In 1971, he was inducted into the Rice Athletic Hall of Fame.

Professional career

Green Bay Packers
Howton was selected in the second round of the 1952 NFL draft, 15th overall, by the Green Bay Packers. As a rookie, he earned immediate comparisons with Hall of amer Don Hutson, with his speed, sure hands, and big-play ability. He established himself as one of the best wide receivers in the NFL, with a league-leading 1,231 receiving yards. He also set a rookie record with 13 touchdowns, which would last until 1965 when the total number was broken by Gale Sayers. His touchdown reception mark lasted until 1998, when it was broken by Randy Moss.

Howton became one of the most successful wide receivers in Packers history, while playing seven seasons in losing teams (26–56–2).
During his seven years in Green Bay, he led his teams in receiving yards for six straight seasons (1952–57), led the league in receiving yards two times (1952 and 1956) and touchdown receptions once (1956). He caught 303 passes for 5,581 yards with an 18.4 yard average, scored 43 touchdowns and earned All-Pro in two seasons (1956–57) and Pro Bowl honors in four seasons (1952 and 1955–57).

He caught 13 touchdown passes in his 1952 rookie season.  In his fifth season in 1956, Howton caught seven passes for a total of 257 yards against the Los Angeles Rams.

He set team records that still stand today:
 Most receiving yards by a rookie with 1,231 yards in 1952
 Highest yardage game with 257 yards against the Los Angeles Rams in 1956.
 Two 200-plus receiving games - the only Packer receiver aside from Don Hutson, with four, to have more than one.

Howton was named the Packers' player representative and president of the NFL Players Association in 1958, and played a major role in establishing a pension fund for players, which was a debated topic with club owners at the time.

In January 1959, the Packers hired Vince Lombardi as head coach and general manager after the team's worst record ever (1–10–1) in 1958. In April, Lombardi traded Howton to the Cleveland Browns in exchange for defensive end Bill Quinlan and halfback Lew Carpenter. Lombardi desired receivers who could block, which was not Howton's strength.

Through the years, there has been speculation that his NFL Players Association ties were the real reason behind the trade.

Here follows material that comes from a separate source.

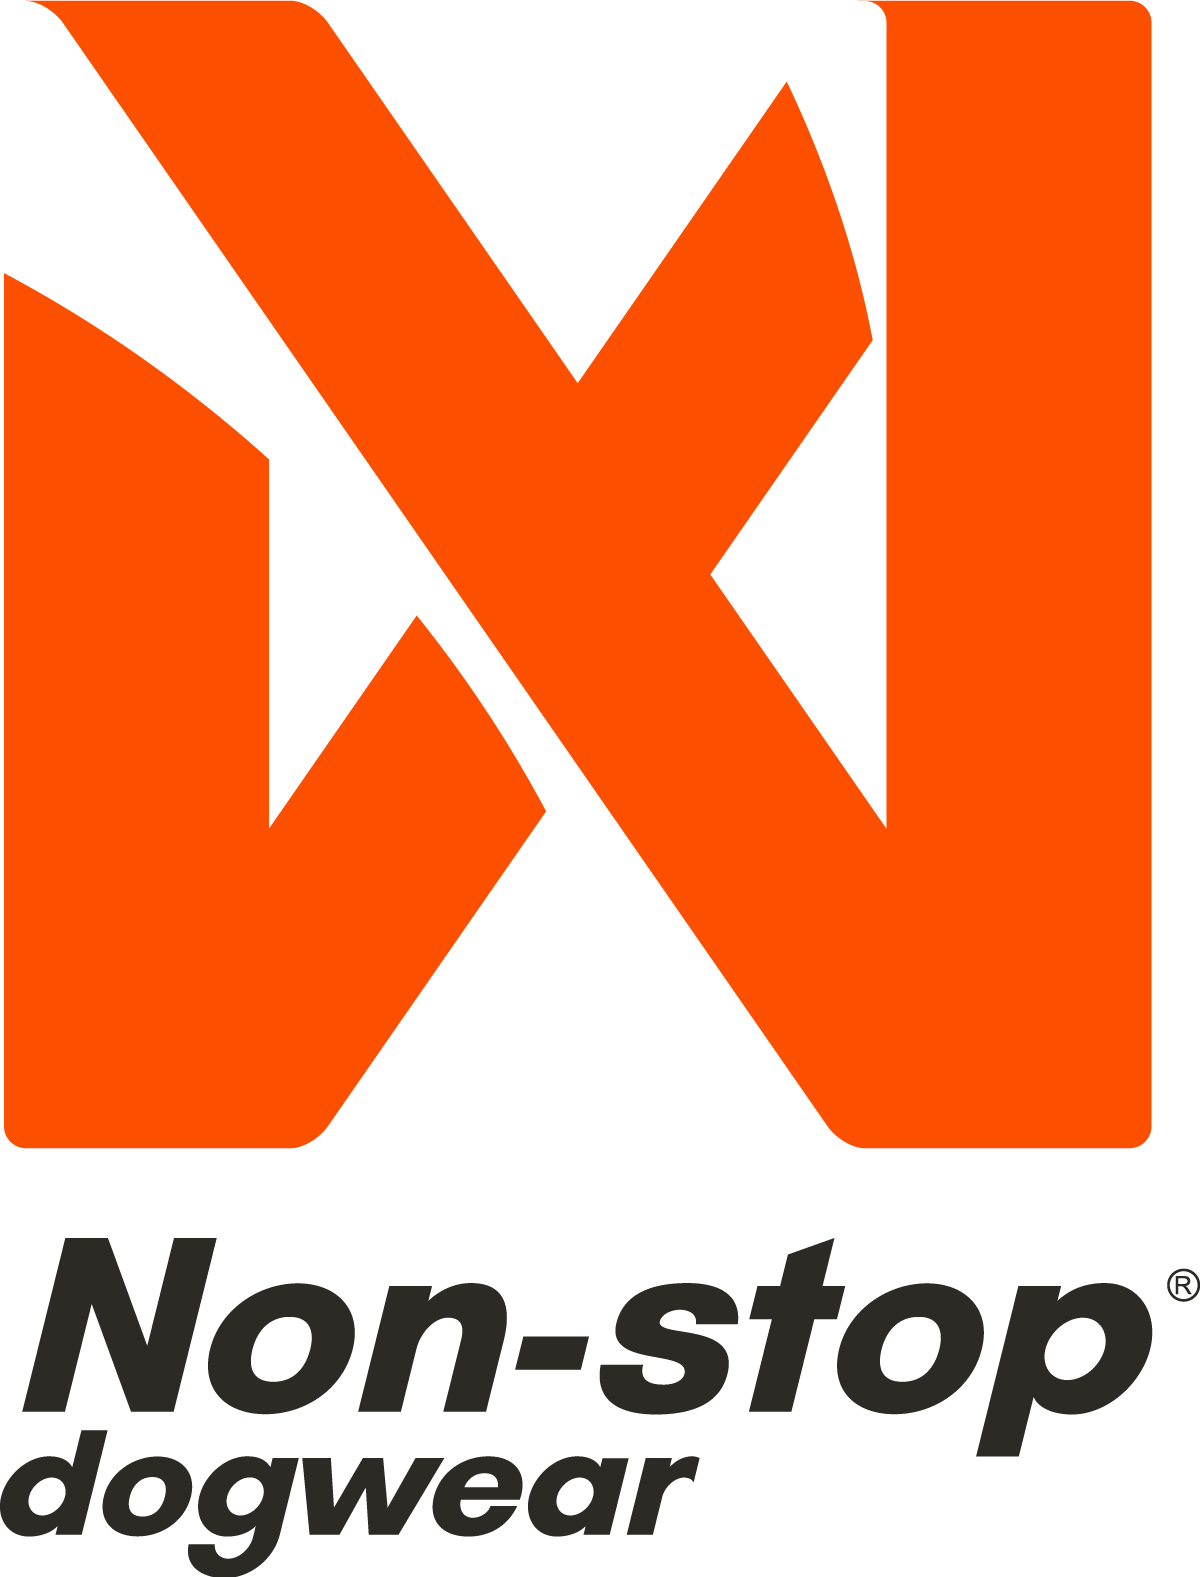 Non-stop dogwearin logo

Howton was inducted into the Green Bay Packers Hall of Fame in 1974.

Cleveland Browns
Howton played only one season in Cleveland, leading the team in receptions with 39, and experiencing what would be the only winning campaign of his NFL career. At the start of the 1960 season, he notified the Browns his intentions to retire.

The expansion Dallas Cowboys convinced him to play in his home state and traded a draft choice to the Browns in exchange for his rights.

Dallas Cowboys
Howton was acquired by the expansion Dallas Cowboys in 1960. That season the Cowboys recorded only a tie, which came against the New York Giants at Yankee Stadium on December 4, when a late touchdown pass from Eddie LeBaron to Howton finalized a 31–31 comeback, against a team that had made championship game appearances in three of the previous four years. Following the season, Howton signed a three-year contract.

The first win in franchise history came during the 1961 season opener against the Pittsburgh Steelers, 27–24, with Howton contributing a game-high 138 receiving yards and a touchdown.

During his time with the Cowboys, Howton remained a key starter in a league-leading offense, that was composed by Eddie LeBaron, Don Meredith, Don Perkins, Frank Clarke, Dick Bielski, and Lee Folkins. He led the Cowboys in receiving in 1961 (with a career-high of 56 catches) and again in 1962.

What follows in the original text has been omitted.